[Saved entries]
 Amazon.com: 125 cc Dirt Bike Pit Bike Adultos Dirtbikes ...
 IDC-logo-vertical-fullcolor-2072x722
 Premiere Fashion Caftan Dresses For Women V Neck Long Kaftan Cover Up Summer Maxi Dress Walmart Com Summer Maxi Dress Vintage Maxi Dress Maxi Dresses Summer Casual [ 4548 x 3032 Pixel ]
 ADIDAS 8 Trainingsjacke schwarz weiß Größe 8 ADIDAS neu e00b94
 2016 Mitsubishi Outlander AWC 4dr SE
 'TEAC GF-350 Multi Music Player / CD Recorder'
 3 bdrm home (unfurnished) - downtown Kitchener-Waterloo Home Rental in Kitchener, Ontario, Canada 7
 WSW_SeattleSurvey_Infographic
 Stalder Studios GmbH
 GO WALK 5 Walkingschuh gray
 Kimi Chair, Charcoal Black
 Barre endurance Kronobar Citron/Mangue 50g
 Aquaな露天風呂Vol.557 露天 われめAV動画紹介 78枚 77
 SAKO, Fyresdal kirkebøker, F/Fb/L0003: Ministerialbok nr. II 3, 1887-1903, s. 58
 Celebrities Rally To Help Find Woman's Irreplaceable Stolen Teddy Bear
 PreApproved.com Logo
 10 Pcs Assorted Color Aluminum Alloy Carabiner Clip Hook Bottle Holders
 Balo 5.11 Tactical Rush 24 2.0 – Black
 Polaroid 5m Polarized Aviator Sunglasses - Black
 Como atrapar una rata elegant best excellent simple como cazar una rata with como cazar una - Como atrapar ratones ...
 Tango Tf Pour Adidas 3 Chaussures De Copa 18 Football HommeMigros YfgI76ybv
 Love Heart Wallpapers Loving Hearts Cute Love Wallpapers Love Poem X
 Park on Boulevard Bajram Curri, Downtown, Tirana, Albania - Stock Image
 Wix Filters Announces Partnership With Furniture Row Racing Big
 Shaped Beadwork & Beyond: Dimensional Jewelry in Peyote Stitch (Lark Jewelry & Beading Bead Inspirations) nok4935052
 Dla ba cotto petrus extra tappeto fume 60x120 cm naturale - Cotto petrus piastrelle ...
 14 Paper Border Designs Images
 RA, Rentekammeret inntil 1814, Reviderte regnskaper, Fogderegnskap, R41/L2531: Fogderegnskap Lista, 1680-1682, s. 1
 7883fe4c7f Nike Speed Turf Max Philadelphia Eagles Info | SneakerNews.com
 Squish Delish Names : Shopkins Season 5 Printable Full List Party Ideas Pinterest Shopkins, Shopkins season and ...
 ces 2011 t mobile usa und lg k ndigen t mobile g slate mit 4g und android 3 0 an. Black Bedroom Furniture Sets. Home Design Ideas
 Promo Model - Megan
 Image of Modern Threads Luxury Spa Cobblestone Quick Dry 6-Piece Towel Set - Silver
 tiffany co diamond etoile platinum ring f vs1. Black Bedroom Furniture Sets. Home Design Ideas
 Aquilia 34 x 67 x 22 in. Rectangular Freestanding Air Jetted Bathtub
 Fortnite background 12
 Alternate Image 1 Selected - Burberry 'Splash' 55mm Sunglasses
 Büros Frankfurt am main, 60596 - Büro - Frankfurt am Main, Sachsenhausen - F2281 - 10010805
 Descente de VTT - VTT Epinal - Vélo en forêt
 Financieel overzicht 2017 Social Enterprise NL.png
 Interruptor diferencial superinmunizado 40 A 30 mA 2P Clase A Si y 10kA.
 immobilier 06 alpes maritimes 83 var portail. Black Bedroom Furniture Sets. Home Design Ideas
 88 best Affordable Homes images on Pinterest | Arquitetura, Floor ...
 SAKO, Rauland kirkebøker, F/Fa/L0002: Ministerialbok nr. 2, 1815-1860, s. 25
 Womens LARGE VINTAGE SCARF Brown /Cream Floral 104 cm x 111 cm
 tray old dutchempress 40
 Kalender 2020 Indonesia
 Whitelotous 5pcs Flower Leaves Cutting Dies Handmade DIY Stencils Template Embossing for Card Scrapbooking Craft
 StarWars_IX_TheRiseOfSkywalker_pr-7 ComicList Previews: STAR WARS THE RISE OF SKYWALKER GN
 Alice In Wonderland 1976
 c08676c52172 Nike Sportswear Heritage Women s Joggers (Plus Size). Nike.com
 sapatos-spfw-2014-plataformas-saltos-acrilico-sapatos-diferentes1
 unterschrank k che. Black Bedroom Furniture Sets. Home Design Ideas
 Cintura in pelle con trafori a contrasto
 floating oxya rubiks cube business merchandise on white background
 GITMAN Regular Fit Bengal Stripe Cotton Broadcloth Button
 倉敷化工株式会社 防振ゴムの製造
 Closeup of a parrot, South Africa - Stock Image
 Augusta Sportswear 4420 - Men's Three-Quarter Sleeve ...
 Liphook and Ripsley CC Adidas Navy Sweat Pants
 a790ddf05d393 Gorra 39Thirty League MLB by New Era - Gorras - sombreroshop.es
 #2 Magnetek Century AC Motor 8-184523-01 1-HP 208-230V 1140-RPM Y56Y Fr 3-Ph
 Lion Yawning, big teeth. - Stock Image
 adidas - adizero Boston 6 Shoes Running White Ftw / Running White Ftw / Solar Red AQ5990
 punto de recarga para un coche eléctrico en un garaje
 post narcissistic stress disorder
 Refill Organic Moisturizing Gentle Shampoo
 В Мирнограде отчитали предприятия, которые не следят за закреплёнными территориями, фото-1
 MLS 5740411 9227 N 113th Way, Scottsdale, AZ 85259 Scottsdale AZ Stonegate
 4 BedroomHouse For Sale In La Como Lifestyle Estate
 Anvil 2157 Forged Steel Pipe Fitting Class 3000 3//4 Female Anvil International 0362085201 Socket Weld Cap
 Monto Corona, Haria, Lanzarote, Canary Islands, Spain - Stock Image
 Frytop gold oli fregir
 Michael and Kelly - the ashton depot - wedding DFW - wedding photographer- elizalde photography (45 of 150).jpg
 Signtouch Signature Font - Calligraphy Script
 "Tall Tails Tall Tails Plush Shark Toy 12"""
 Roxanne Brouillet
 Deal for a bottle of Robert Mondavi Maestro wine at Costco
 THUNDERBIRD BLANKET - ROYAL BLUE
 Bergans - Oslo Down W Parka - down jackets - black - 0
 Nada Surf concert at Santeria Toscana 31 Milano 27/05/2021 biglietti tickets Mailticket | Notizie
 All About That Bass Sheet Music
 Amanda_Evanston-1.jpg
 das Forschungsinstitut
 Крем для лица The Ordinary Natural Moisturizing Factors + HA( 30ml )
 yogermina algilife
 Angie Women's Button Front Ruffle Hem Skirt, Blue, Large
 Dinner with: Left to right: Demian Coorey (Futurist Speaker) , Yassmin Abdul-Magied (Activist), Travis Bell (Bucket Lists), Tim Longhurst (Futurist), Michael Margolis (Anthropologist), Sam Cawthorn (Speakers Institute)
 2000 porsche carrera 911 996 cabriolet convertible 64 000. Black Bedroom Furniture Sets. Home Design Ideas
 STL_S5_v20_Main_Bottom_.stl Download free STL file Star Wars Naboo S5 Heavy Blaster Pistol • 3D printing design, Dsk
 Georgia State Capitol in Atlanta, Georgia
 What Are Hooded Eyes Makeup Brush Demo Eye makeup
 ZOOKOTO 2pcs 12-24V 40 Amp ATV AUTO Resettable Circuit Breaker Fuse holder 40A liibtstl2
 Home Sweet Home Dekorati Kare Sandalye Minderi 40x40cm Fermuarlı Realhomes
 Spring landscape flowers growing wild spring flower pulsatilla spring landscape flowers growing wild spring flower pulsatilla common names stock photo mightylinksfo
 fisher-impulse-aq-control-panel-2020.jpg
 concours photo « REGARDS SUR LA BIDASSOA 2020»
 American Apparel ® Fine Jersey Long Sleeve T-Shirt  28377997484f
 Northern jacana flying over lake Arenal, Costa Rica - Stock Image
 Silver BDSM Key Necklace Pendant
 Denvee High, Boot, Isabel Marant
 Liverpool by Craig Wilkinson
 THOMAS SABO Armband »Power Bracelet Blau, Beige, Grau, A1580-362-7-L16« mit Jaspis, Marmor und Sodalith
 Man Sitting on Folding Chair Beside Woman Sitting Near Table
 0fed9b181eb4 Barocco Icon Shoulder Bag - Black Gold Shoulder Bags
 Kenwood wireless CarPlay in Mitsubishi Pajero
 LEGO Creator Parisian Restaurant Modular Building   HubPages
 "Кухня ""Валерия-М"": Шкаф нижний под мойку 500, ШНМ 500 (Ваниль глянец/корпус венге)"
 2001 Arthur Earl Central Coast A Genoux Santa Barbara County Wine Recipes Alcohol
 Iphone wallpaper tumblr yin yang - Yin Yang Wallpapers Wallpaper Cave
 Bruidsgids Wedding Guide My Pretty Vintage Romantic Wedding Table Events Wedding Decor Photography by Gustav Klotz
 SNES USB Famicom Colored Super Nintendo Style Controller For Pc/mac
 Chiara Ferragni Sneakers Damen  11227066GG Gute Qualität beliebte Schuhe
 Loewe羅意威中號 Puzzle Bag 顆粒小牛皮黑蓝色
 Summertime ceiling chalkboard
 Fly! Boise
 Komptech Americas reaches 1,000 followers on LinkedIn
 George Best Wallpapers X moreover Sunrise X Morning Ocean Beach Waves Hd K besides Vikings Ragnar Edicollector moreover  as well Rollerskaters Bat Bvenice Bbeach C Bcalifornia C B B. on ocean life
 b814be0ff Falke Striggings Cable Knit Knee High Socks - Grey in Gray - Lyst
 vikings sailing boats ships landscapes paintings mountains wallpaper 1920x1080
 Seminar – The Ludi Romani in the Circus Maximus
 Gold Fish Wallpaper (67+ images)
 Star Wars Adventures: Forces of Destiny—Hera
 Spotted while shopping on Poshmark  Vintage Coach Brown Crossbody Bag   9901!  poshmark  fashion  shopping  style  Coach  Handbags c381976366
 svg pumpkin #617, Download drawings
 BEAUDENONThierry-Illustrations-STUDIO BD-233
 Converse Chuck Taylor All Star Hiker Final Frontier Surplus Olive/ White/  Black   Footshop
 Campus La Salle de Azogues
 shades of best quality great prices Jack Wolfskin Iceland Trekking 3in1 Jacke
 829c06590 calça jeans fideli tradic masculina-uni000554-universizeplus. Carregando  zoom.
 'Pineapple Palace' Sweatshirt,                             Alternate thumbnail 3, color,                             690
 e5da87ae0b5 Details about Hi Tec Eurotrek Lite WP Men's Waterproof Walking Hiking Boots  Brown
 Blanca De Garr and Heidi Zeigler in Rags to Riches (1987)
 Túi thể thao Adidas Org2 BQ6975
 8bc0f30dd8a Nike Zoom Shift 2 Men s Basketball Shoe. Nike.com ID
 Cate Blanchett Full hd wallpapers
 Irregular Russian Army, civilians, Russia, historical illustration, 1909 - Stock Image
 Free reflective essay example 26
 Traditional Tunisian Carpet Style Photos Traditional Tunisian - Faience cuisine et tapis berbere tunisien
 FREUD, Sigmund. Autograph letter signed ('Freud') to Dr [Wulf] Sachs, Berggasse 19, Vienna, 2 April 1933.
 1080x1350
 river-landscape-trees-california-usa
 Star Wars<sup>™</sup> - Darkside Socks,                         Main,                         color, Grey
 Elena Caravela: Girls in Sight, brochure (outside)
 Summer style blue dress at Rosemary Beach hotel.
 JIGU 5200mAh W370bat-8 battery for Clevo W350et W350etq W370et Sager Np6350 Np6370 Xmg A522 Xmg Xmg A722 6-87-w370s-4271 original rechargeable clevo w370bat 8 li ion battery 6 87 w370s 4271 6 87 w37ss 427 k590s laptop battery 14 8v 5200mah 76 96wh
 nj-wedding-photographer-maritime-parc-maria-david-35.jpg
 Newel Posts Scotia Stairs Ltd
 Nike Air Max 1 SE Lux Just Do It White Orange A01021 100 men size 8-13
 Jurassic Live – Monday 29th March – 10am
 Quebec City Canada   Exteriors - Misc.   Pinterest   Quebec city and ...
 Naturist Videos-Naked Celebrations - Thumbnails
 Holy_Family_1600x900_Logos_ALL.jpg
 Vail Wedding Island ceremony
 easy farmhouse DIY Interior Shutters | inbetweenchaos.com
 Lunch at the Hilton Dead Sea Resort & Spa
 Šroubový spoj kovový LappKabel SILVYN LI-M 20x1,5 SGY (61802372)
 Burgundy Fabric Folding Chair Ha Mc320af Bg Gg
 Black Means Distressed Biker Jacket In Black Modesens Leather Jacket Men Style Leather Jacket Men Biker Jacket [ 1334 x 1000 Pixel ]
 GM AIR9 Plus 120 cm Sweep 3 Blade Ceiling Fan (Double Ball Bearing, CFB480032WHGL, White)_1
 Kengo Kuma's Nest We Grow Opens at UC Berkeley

=== WHAT TO PRODUCE ===
When the word "Mitsubishi" occurs in a line above, list that line.

=== RESULT OF THIS EXERCISE ===
 2016 Mitsubishi Outlander AWC 4dr SE
 Kenwood wireless CarPlay in Mitsubishi Pajero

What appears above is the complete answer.